Hiscock graduated B.A. from Cornell University in 1875, where he was a member of The Kappa Alpha Society.  He studied at Columbia Law School in 1877 and 1878 and became an attorney in 1878.

He was a justice of the New York Supreme Court from 1896 to 1913, on the Appellate Division, Fourth Department from 1901 to 1905.

In 1906 Hiscock was appointed to an additional judge seat on the New York Court of Appeals under the Amendment of 1899. In 1912 he ran on the Republican ticket for a regular seat, but was defeated. In 1913 he ran again and was elected on the Republican and Independence League tickets to a 14-year term. He was Chief Judge from 1917 to 1926, elected in 1916 on the Republican and Progressive tickets. He retired from the bench at the end of 1926 when he reached the constitutional age limit of 70 years. Afterwards he served as Official Referee of the Court of Appeals, and resumed his law practice at Hiscock & Barclay until his retirement in 1935.

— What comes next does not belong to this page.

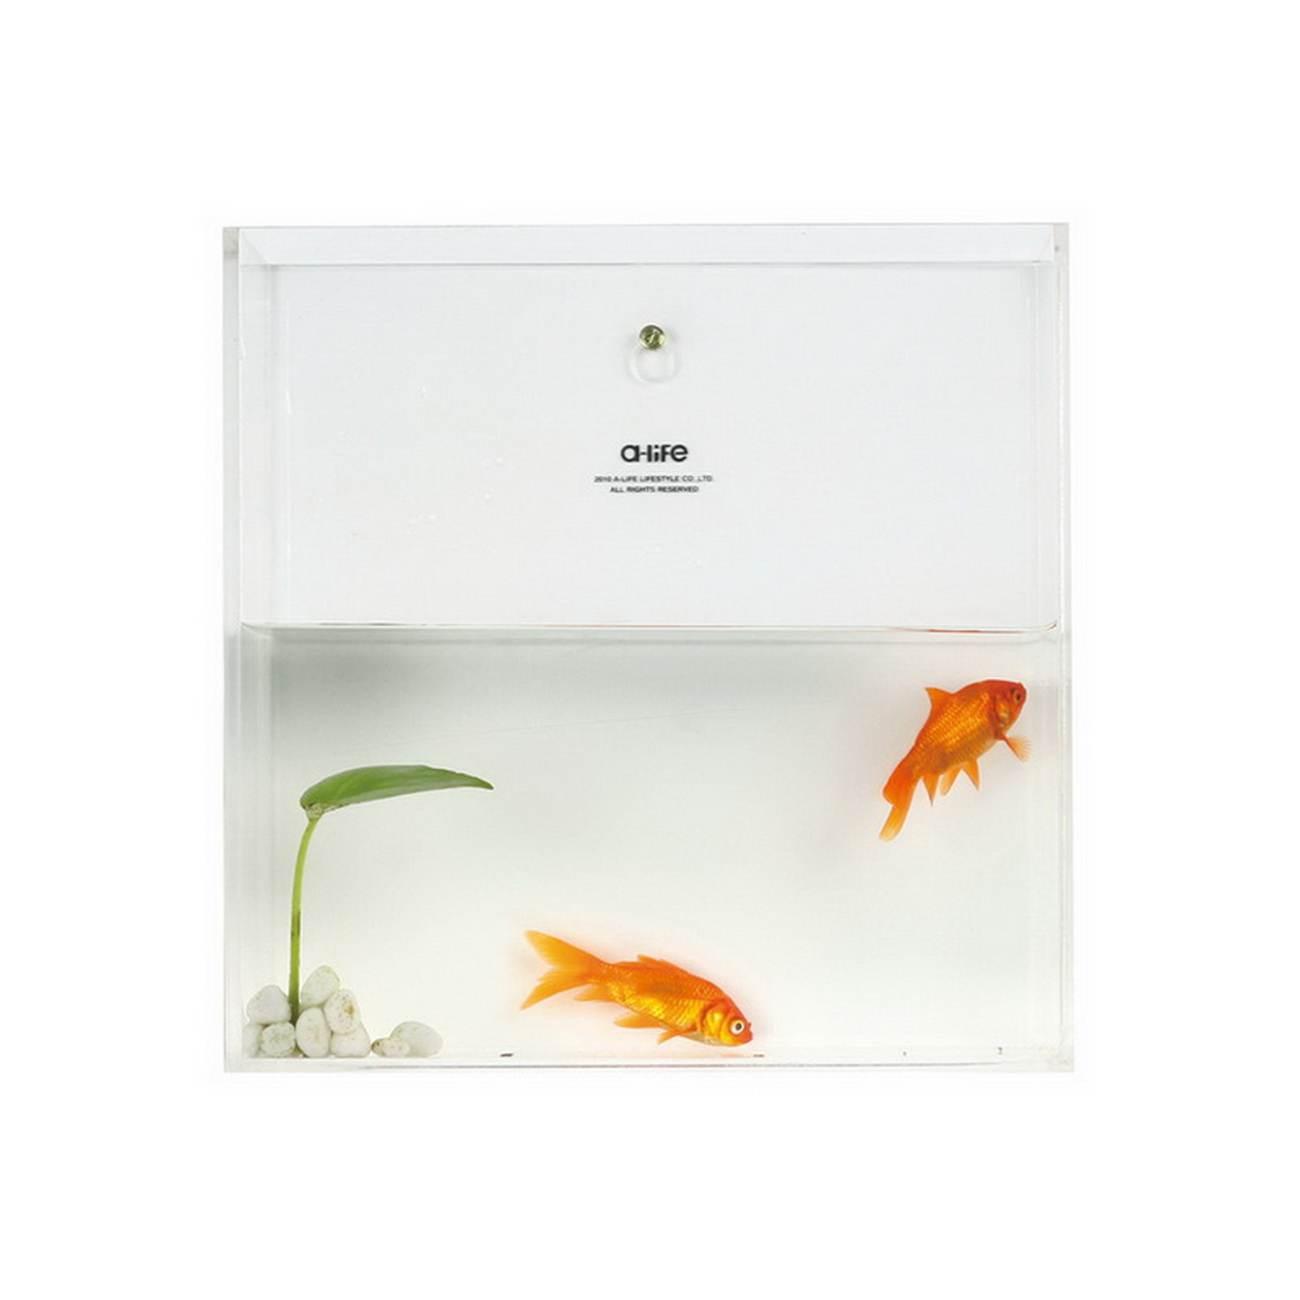 a-life 最生活悬挂式亚克力鱼缸方形 透明 c-1908
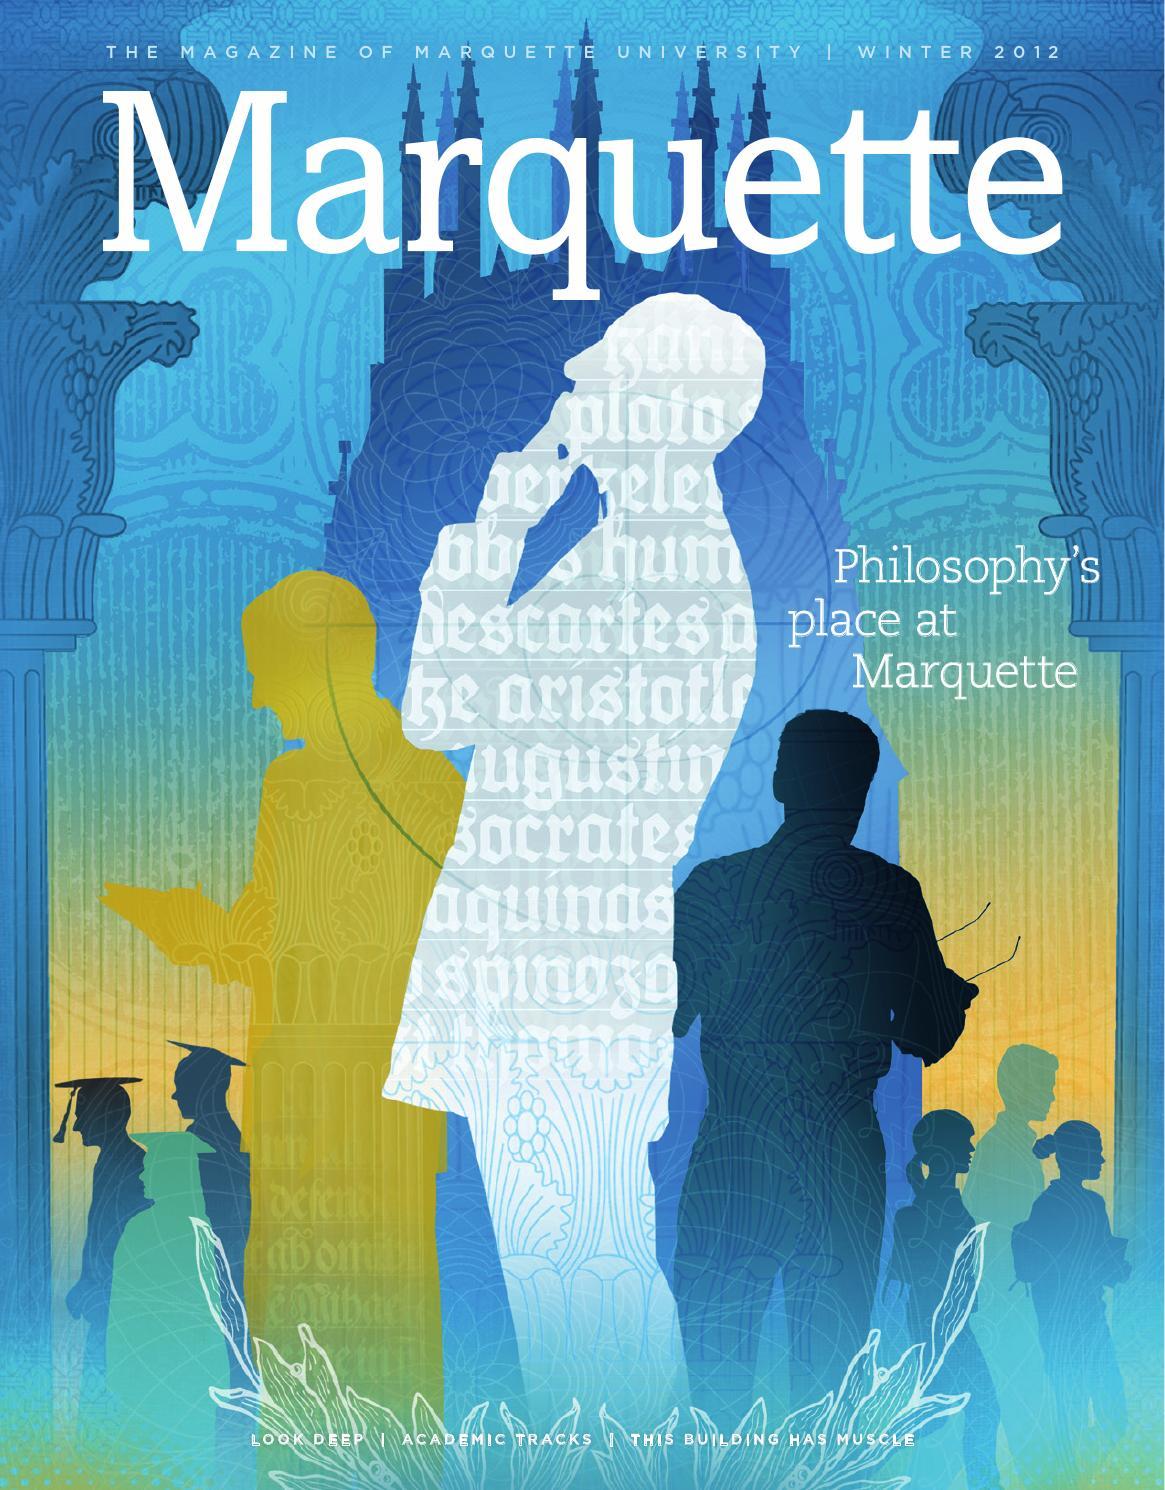 c7b6494f1a93 Marquette Magazine Winter 2012 by Marquette University - issuu

Hiscock was first elected to the Cornell Board of Trustees by the alumni in 1889. He had the longest tenure as chairman, serving from 1917 to 1939. During that period, Cornell's endowment grew from $14 million to $32 million.

Hiscock received honorary degrees from Williams College, Syracuse University, Columbia University and the University of the State of New York.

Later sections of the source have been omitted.